O gabinete de Khan prepara um documento de política geral, que ele pretende promulgar em dezembro, que deve estabelecer o quadro jurídico para abranger os crimes ambientais sem ter de acrescentar um quinto crime aos enumerados pelo estatuto de Roma.

“Estamos tentando ver, de forma mais precisa e eficaz, como os crimes ambientais já estão incluídos no Estatuto de Roma”, explicou o procurador.

"O Estatuto de Roma se centra acima de tudo nos crimes contra indivíduos ou objetos protegidos, como igrejas, mesquitas, sinagogas ou patrimônio da Unesco, mas devemos alargar o nosso horizonte durante os conflitos.
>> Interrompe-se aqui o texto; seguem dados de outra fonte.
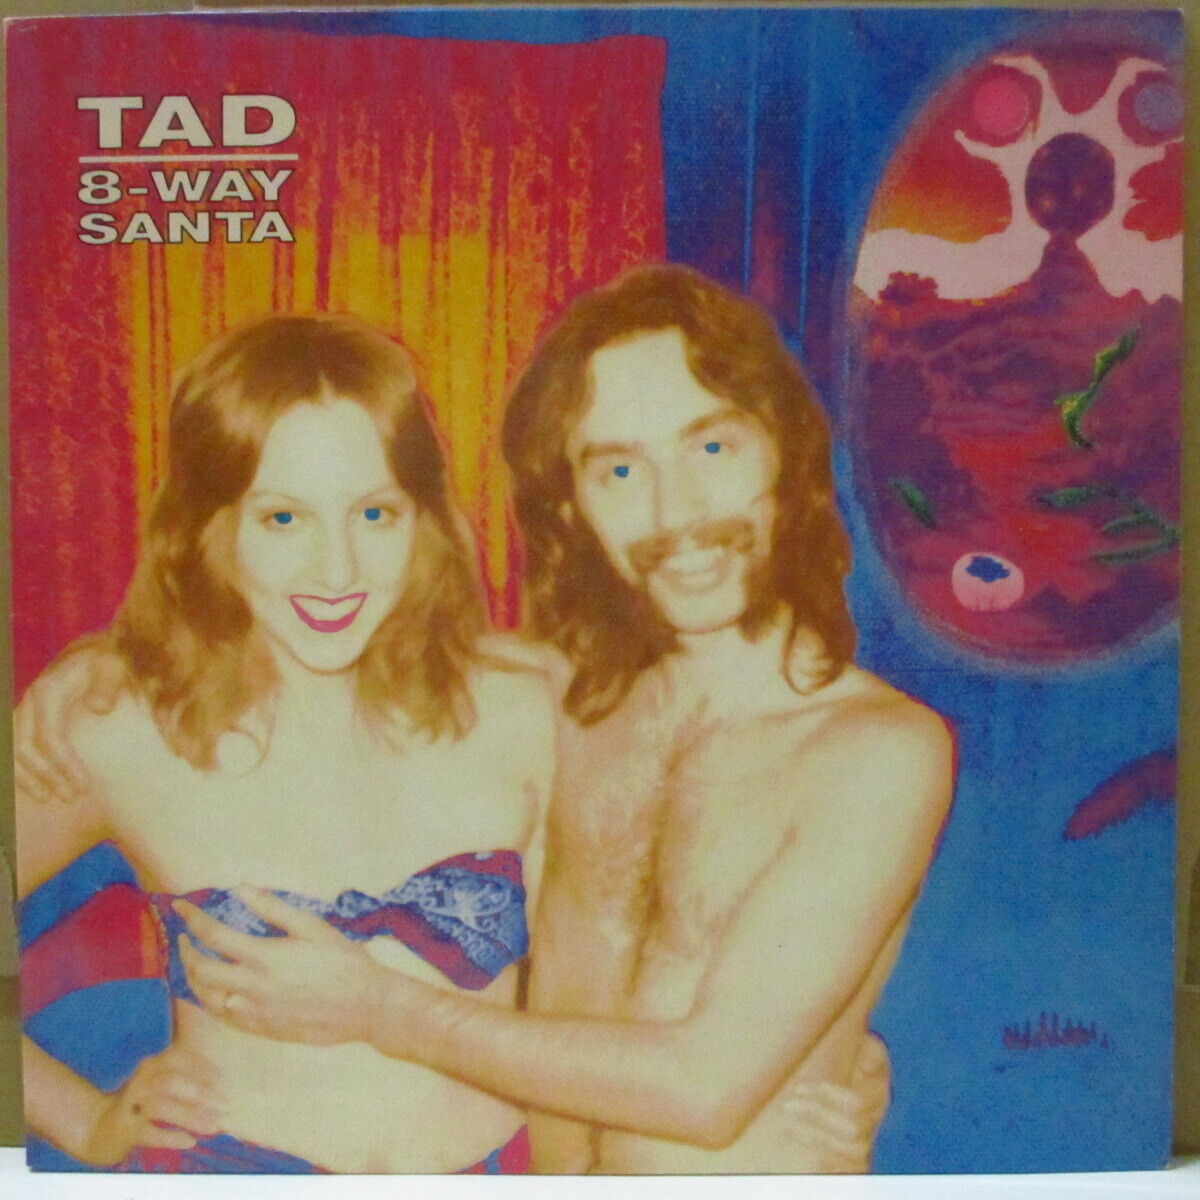 Tad-8-Way Santa German Limited Yellow Vinyl Lp
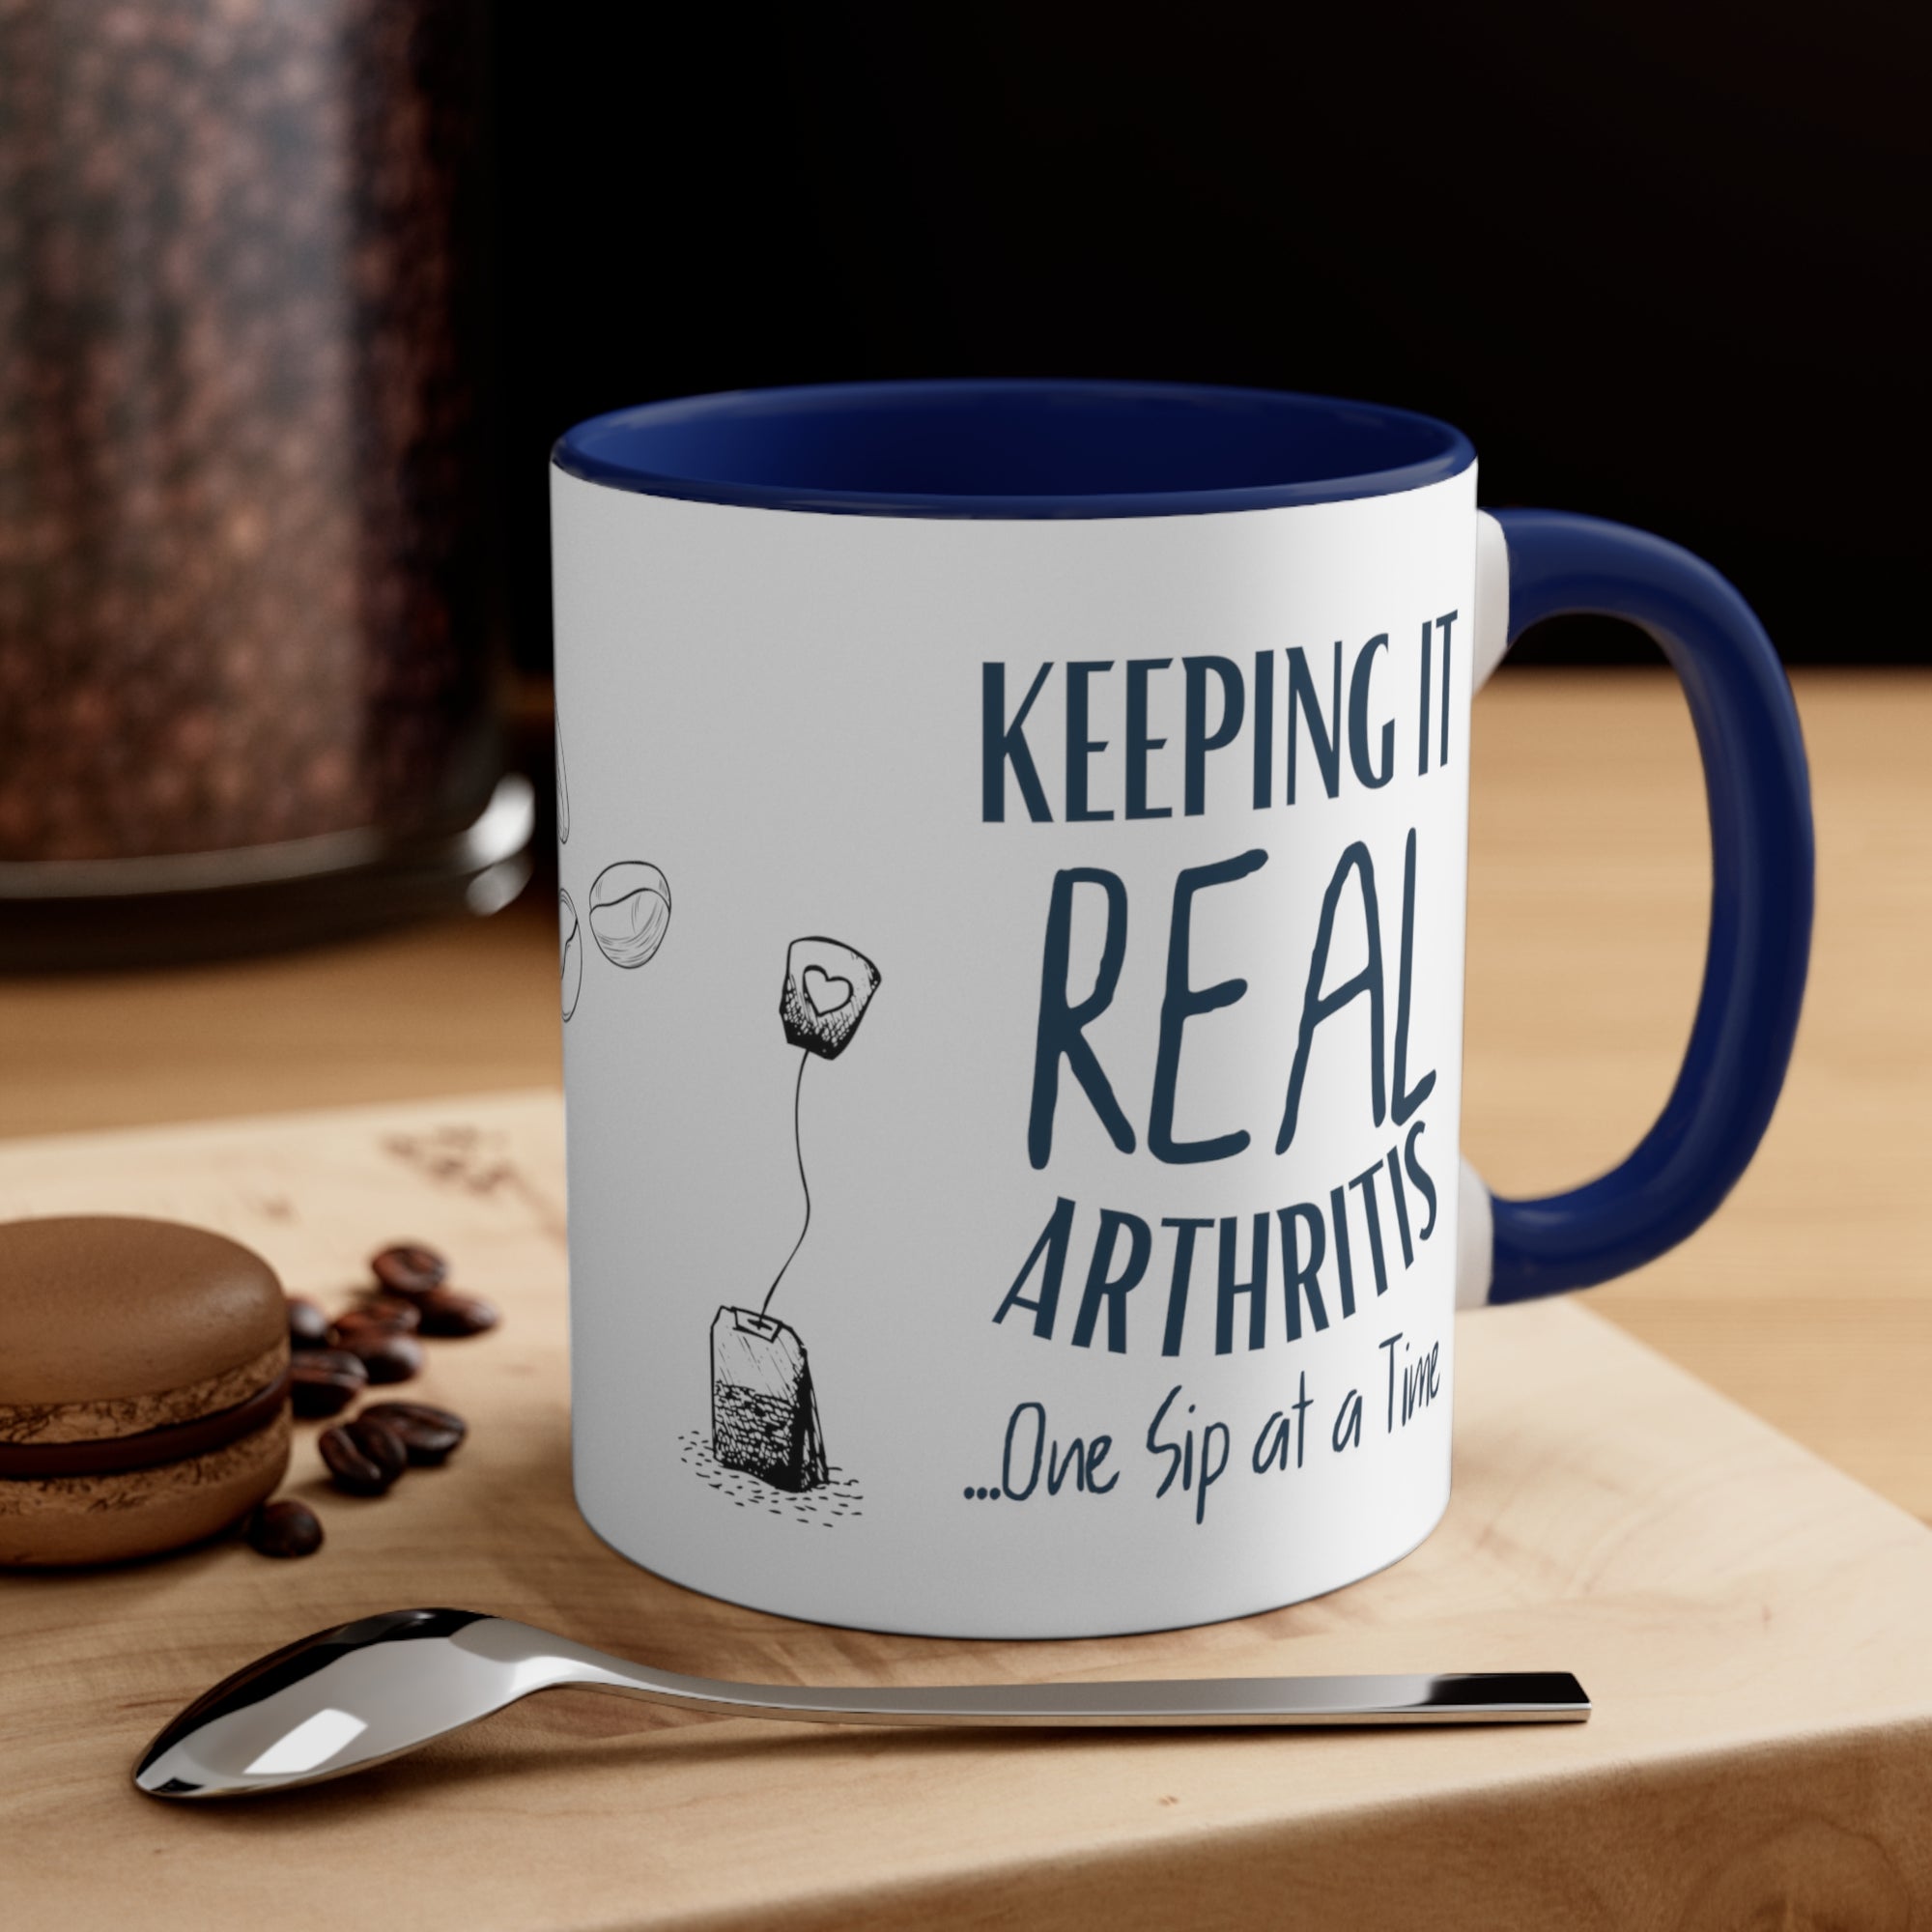 "One Sip at a Time" Arthritis 11 oz. Two-Tone Mug

O meio ambiente é muitas vezes alvo e muitas vezes a luta pelos recursos em detrimento do meio ambiente é um motor de conflitos", sublinha Khan, questionado sobre se os bombardeios massivos na Ucrânia ou em Gaza poderão entrar na definição de crimes ambientais.

“Olhem para o Darfur”, disse o procurador que acaba de voltar da região. “A escassez de água e as secas, (...) também desencadearam animosidade”, em uma área em plena desertificação há mais de 50 anos, alimentada pelo aquecimento global.

“Muitas vezes, o conflito pode assumir a forma de uma oferta comercial para obtenção de terras raras, diamantes, ouro e madeira. Neste contexto, o meio ambiente sofre danos consideráveis”, afirma o magistrado britânico.

Desmatamento no visor

Karim Khan cita ainda “o uso de cianeto” e “mercúrio para extrair” minerais preciosos. “Ecossistemas inteiros são degradados, até mesmo destruídos, rios cheios de vida, plantas selvagens e peixes tornam-se terrenos baldios onde há morte e desespero", lamenta. 

“Esta é a primeira vez na história do Tribunal Penal Internacional que temos um documento de orientação sobre as formas que os crimes ambientais podem assumir, no âmbito do nosso atual mandato”, afirmou.

Sua antecessora, Fatou Bensouda, já tinha anunciado em 2016 que o TPI se concentraria na “devastação ecológica, na exploração ilícita de recursos naturais ou na expropriação ilícita de terras”, um alerta aos empresários e políticos, mas que não foi seguido de efeitos visíveis.

“Uma ideia como promessa ou esperança é muito diferente de uma política ponderada”, justificou-se Khan para defender a natureza sem precedentes de sua iniciativa.

Em 2021, pelo menos duas denúncias por “crimes contra a humanidade” foram apresentados no TPI contra o presidente brasileiro Jair Bolsonaro por seu papel no desmatamento da Amazônia. Nenhuma informação vazou desde então.

“Hoje inicia-se um processo de pré-consulta que, na próxima semana, convidará os Estados, as empresas, as partes interessadas e a sociedade civil a dizer o que acham que deve ser incluído neste documento de orientação”, cuja primeira versão deve ser publicada em abril, antes de sua promulgação em dezembro, detalhou Khan.

Ele falou às margens de uma reunião sem precedentes de cerca de 100 de procuradores e juízes de tribunais supremos ou regionais para debater, no Conselho Constitucional de Paris, a inclusão das gerações futuras no desenvolvimento da justiça ambiental.